Michael Klare, a professor of world security studies at Hampshire College, said that the new sources of natural gas from shale may lessen the geopolitical importance of countries that historically have been the biggest producers of natural gas, including Iran, Qatar and Russia. The new drilling, which draws strong support from the United States government, represents a boon for American companies like Halliburton, Chesapeake Energy and Exxon Mobil that have greater experience with shale gas, and therefore are likely to win many lucrative contracts abroad.

More than 30 countries, including China, India and Pakistan, are now considering fracking for natural gas or oil, and the surge in gas production has spurred interest in building pipelines and terminals that liquefy the fuel so it can be shipped to far-flung markets. In the United States, shale gas has increased supply, driving prices down and benefiting industrial plants that use the gas for manufacturing and consumers who depend on it for electricity, heating or cooking.

But the enthusiasm abroad, especially in less-developed regions, does carry risks, according to many energy experts.

“The big problem is that all the excitement around shale gas, most of it fostered by the U.S., has also led some countries, especially in the developing world, to take a drill-first, figure-out-regulations-later attitude,” said Professor Klare, who has written extensively about the way that energy policies affect global security. “There is simply too much being taken on faith when it comes to company reassurances about the safety and costs of this drilling.”

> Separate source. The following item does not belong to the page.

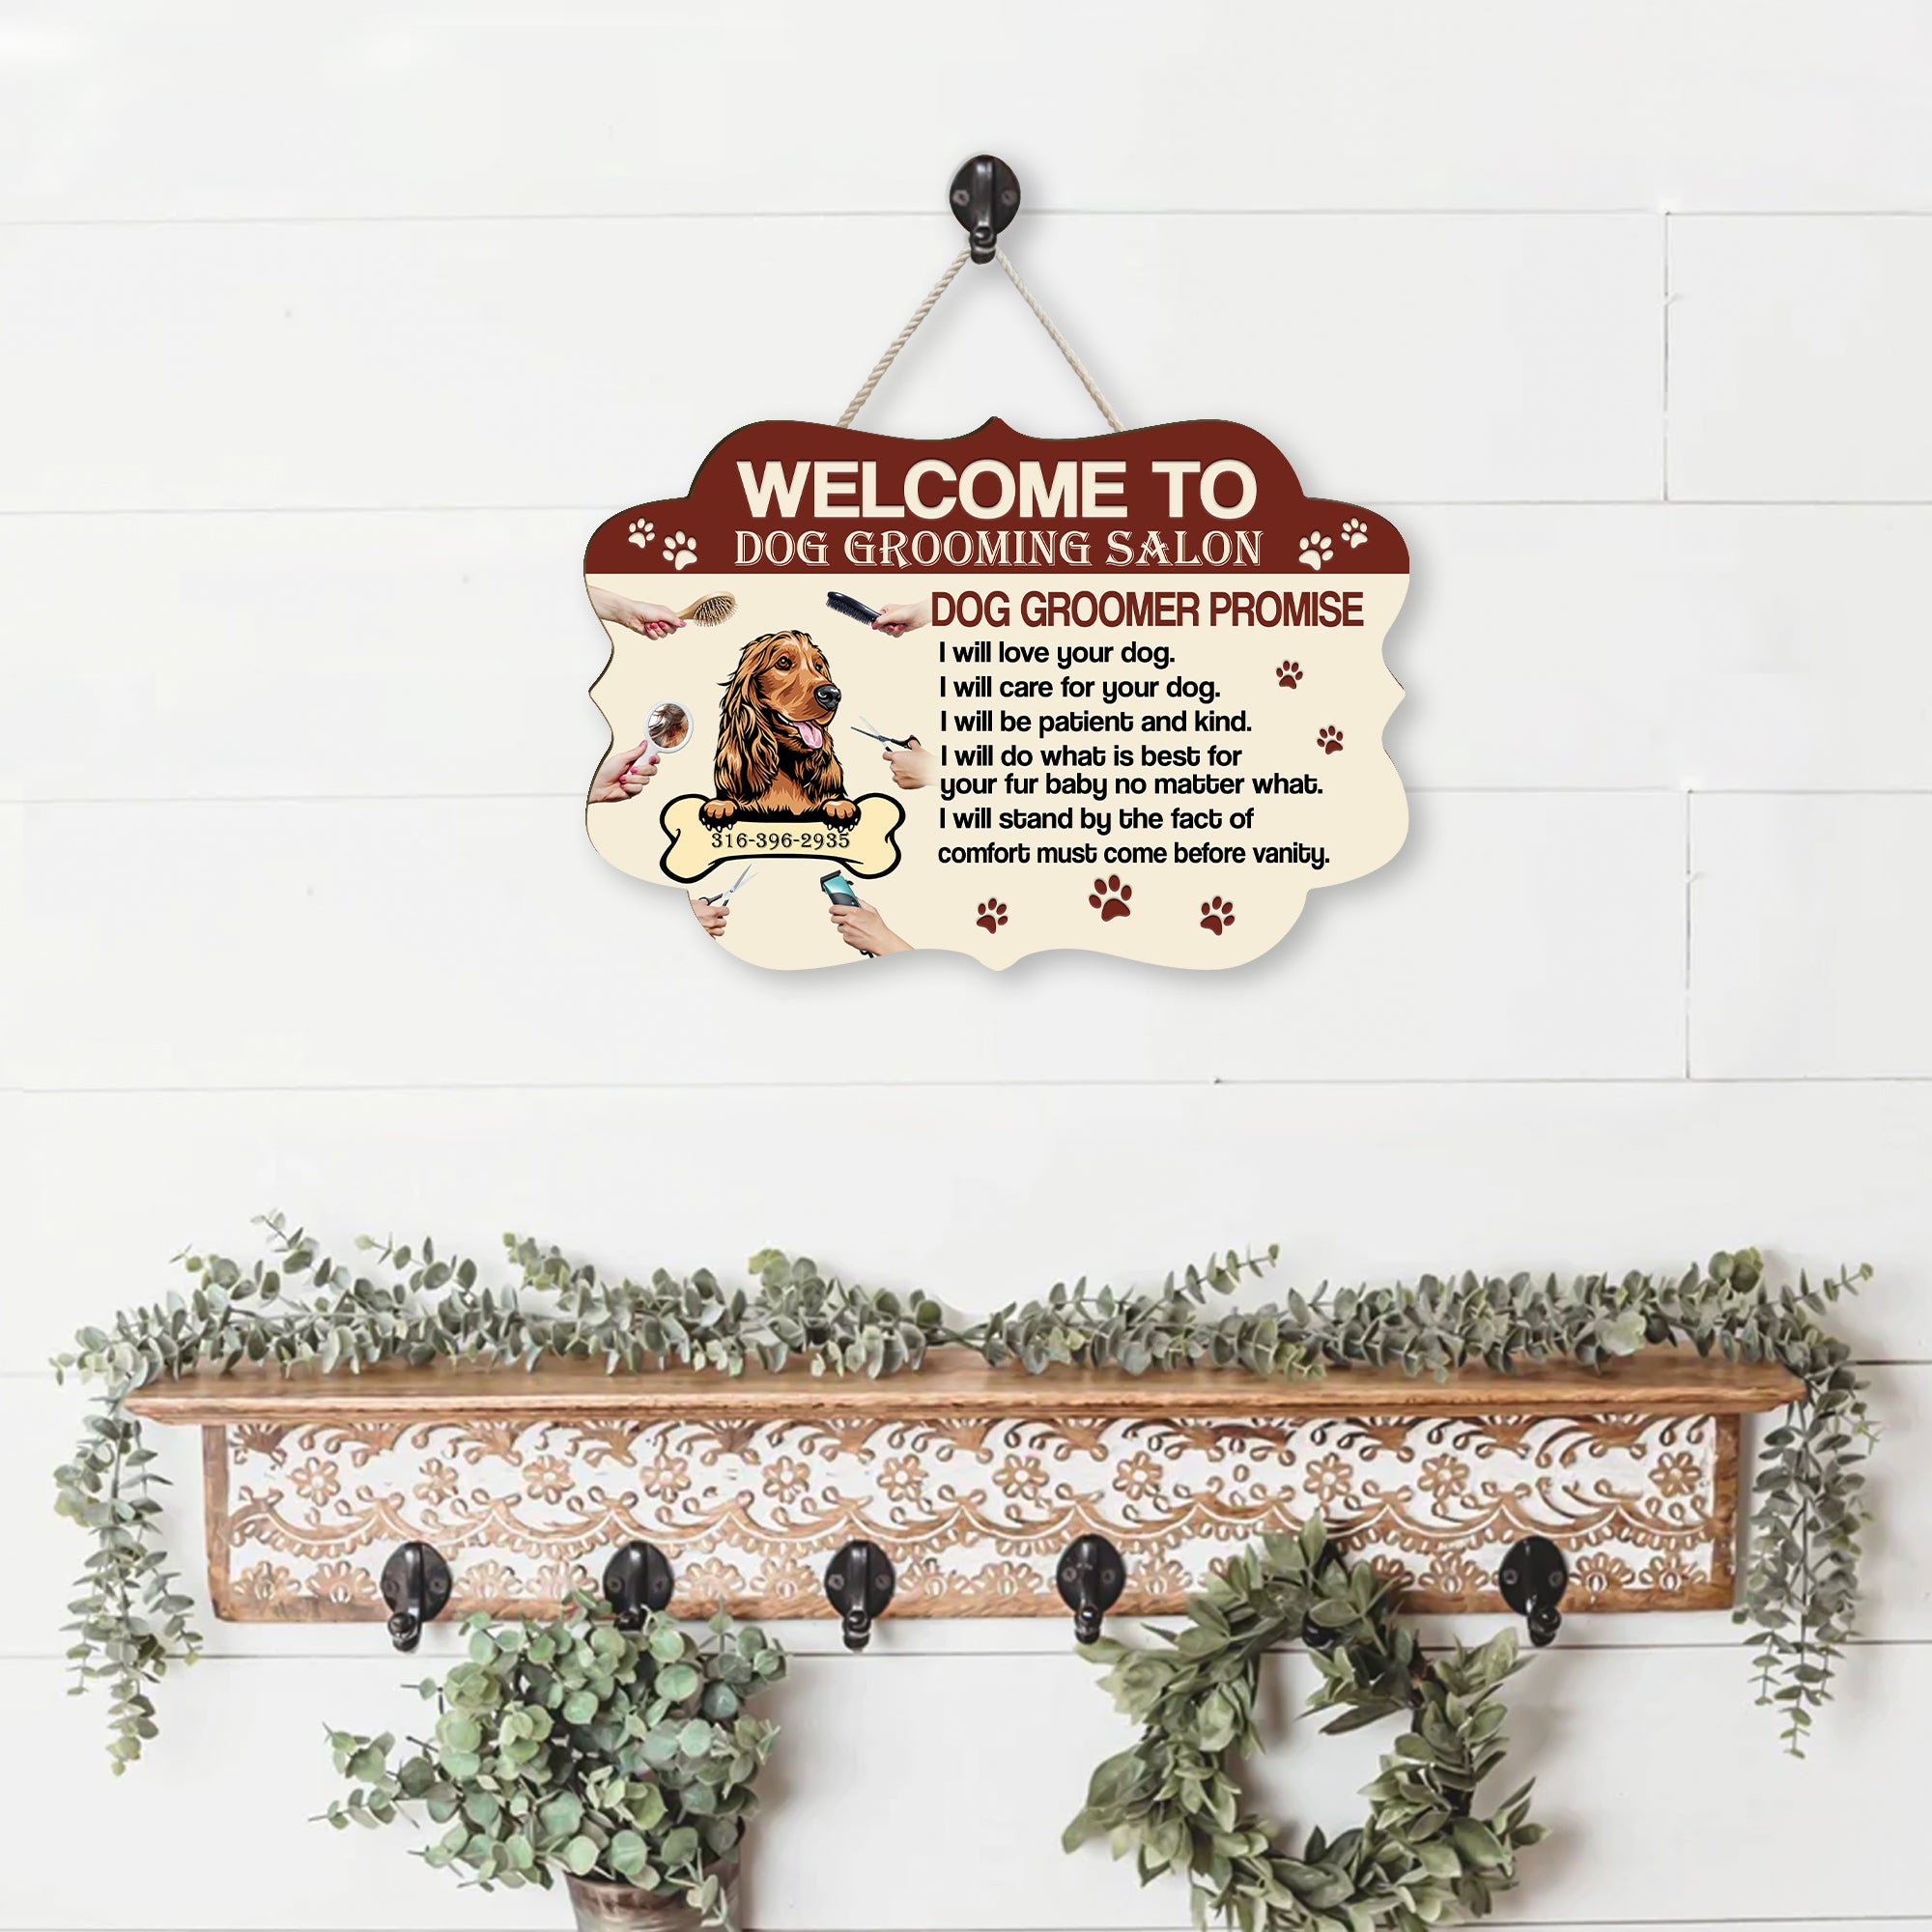 CUSTOM SHAPED WOODEN SIGN – WELCOME TO DOG GROOMING SALON WOODEN SIGN

The Indonesian government, for example, is considering allowing drilling for shale gas in a part of Java where, in 2006, drilling led to the eruption of a mud volcano that killed at least 13 people, and displaced more than 30,000 residents from 12 villages, according to a team of international scientists. Indonesia is a major exporter of liquefied natural gas, but it struggles to meet domestic demand, and supporters of the shale drilling project say it will help solve that problem.

Shale gas in Poland may represent more than a third of the natural gas resources in Europe, according to energy experts, and could help the country reduce its dependence on Russia, which now supplies about 60 percent of Poland’s gas.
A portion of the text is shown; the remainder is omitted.